Разработку рук-ног, плечевого пояса ребята продолжали. В ванной, с криком, без свидетелей, пересиливая и ломая себя ежедневно.

Когда-никогда, а настал срок выписки. Собралась медкомиссия и решила всем пострадавшим дать вторую, нерабочую группу инвалидности. Оба Володи категорически отказались.

«Огромное спасибо! – сказал Володя-старший на выходе из больнички. – Мы вас не подведём. Мы вам, ять, покажем инвалидность!»

Благодарил врачей и Володя-младший. И тихо бормотал себе под нос: «Эх, ёклмн. Непал пролетел; Гималаи пролетели, Эверест накрылся, ёклмн…»

Через год оба Володи участвовали в первенстве Союза на Памире.

В следующей, другой, здоровой жизни мы вместе не раз ходили в баню. Любители парной бросали на раздевшихся Володей недоумевающие взгляды, и, не справившись с любопытством, кто-то спрашивал:

– Чем это вас, мужики? Пулей, бомбой, снарядом?

– Да так, трамвай неудачно останавливали…

Глава III

Тенцзин

Курица – не птица, Монголия, как и Болгария, – не заграница, – так говорили в Советском Союзе те, кто стремился куда-то выезжать. Говорили, но и в Монголию поехать были не прочь. Правда, не для того чтобы посмотреть достопримечательности, как в случае с Францией, а с намерением поработать. А что? Платили в два-три раза больше, чем на аналогичных должностях в Союзе, но блага этим не исчерпывались. С одной стороны, со шмотками, техникой в Монголии слабовато, зато честно заработанные тугрики-рубли легко переводились в инвалютные чеки. Нынешнему молодому или даже средних лет россиянину стоит объяснить, что это такое.

В Москве существовали специальные магазины «Берёзка», где торговля производилась за валюту. А чеки – это валютный эквивалент: очень ценные «бумажки» разных цветов и с разными буквенными обозначениями, что подразумевало разные «веса», то есть покупательную способность. И товары в «Берёзках» – магазинах с затенёнными стеклами – бывали получше, чем в Монголии, не говоря уже о массовых магазинах родной страны.

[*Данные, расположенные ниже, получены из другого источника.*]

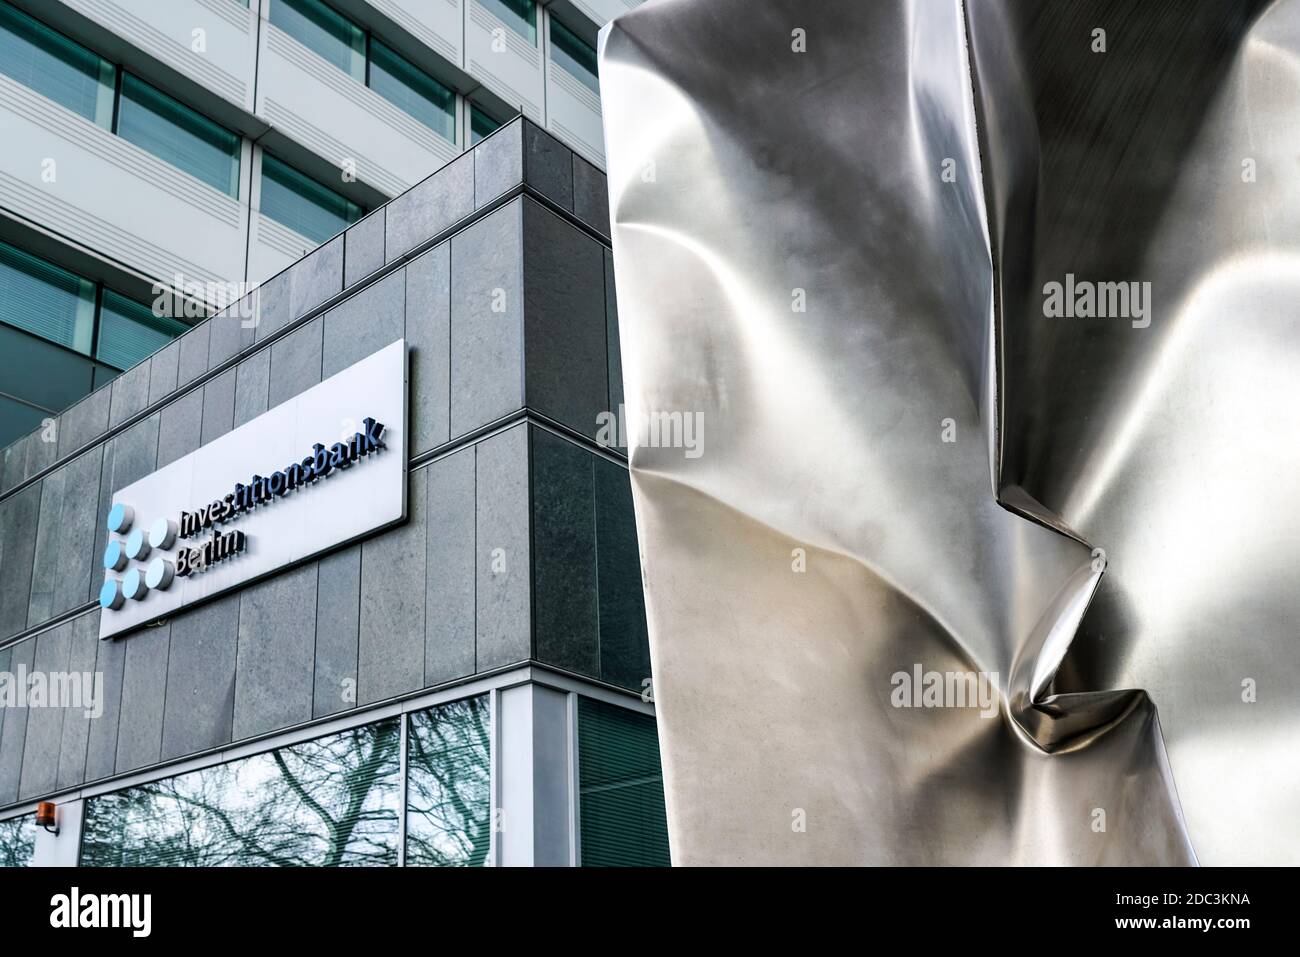 Hauptsitz Investionsbank Berlin an der Bundesallee Bezirk Wilmersdorf, IBB Foto de stock

Родитель мой, Министерства обороны полковник, съездил в Монголию в командировку. После чего я получил дубоватую кожаную куртку – оттуда, и шикарные финские туфли на высоком каблуке, которые тогда и у мужчин считались модными, – из московской «Берёзки».

Ну, ладно, будем считать это лирическим отступлением. Потому что история наша движется совсем в другом направлении. Географически, конечно, она устремлена именно сюда, в сторону Азии. А логически – нет, поскольку с барахлом почти не связана.

В конце 70-х в Монголию поехал мой друг Коля. В Москве он работал учителем русского языка и литературы, потом заместителем директора школы, а в Монголии сразу стал директором. Познакомился со страной, обустроился и, само собой, оброс нужными связями. Через некоторое время вполне созрел, чтобы пригласить меня в гости. С этой поездкой вообще не предвиделось проблем. Во-первых, приглашение от обитателя страны – не просто приятные слова, а важная и уважаемая инстанциями бумага. Во-вторых, как я уже говорил, курица, то есть Монголия, – не бог весть какая заграница. В-третьих, важным довеском, своеобразным выездным портфолио выступала имевшаяся уже у меня за плечами Франция. Таким образом, собрался я – не по французскому варианту, а попроще и побыстрее – и полетел в Батор (так на разговорном языке называли столицу страны Улан-Батор), даже и без собеседований-инструкций, и без чекистов на хвосте.

Оно понятно: оттуда не слиняешь. Где, если что, политического убежища просить? В коммунистическом Китае? Уже смешно. В пустыне Гоби у кочевников-скотоводов? Ещё смешнее.